═════ Provided data

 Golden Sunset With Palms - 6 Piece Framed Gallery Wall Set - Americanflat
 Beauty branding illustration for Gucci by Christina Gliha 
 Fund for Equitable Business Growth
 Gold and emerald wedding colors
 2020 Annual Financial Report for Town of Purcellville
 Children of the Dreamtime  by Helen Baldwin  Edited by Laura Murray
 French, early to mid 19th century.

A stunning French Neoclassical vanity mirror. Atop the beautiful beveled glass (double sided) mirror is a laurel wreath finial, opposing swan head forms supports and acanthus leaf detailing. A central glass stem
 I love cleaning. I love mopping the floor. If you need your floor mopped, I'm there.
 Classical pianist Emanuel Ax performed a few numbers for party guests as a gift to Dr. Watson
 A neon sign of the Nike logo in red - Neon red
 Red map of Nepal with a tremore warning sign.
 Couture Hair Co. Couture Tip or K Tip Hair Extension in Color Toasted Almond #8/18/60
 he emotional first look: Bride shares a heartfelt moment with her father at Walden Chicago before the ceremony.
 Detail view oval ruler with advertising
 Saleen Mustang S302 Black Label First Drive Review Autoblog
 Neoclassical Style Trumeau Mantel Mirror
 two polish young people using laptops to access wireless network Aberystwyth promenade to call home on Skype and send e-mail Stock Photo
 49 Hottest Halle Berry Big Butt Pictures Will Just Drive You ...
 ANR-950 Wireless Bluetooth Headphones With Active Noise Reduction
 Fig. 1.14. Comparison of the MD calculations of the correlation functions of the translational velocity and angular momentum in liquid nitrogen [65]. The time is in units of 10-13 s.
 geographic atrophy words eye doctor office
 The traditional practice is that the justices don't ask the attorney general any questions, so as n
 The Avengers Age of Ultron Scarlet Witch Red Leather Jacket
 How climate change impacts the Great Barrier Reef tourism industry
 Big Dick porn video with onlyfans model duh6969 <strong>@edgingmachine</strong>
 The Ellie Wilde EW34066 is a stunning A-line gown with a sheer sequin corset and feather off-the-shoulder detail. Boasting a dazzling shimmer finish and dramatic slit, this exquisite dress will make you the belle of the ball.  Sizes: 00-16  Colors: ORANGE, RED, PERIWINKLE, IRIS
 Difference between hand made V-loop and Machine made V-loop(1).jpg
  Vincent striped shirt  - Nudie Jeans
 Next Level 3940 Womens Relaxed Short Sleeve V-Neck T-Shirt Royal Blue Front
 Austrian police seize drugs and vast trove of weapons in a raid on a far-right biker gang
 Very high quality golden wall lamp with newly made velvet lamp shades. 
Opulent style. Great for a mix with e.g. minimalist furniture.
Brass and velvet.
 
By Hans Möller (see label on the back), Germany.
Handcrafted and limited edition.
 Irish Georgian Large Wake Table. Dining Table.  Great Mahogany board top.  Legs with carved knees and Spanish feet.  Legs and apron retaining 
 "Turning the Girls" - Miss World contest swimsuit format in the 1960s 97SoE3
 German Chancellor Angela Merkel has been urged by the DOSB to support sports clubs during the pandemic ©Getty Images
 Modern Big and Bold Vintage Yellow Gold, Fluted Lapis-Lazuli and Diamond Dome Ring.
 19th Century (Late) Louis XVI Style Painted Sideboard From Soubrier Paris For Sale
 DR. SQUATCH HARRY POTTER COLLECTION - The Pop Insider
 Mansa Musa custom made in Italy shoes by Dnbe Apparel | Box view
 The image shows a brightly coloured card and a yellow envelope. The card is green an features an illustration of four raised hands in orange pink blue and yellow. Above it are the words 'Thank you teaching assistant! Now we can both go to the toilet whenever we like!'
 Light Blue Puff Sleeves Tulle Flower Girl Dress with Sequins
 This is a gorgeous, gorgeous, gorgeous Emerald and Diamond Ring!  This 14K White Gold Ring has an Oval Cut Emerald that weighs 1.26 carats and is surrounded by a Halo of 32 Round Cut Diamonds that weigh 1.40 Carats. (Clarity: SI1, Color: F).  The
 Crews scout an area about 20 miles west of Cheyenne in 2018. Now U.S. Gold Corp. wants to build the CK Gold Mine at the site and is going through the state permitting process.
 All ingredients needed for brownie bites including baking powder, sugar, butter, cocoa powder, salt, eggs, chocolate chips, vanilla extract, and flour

══════════

Exercise brief:
Would you state how many lines of the data above hold the string "made"? Reply with the number alone.

Reply to the exercise:
3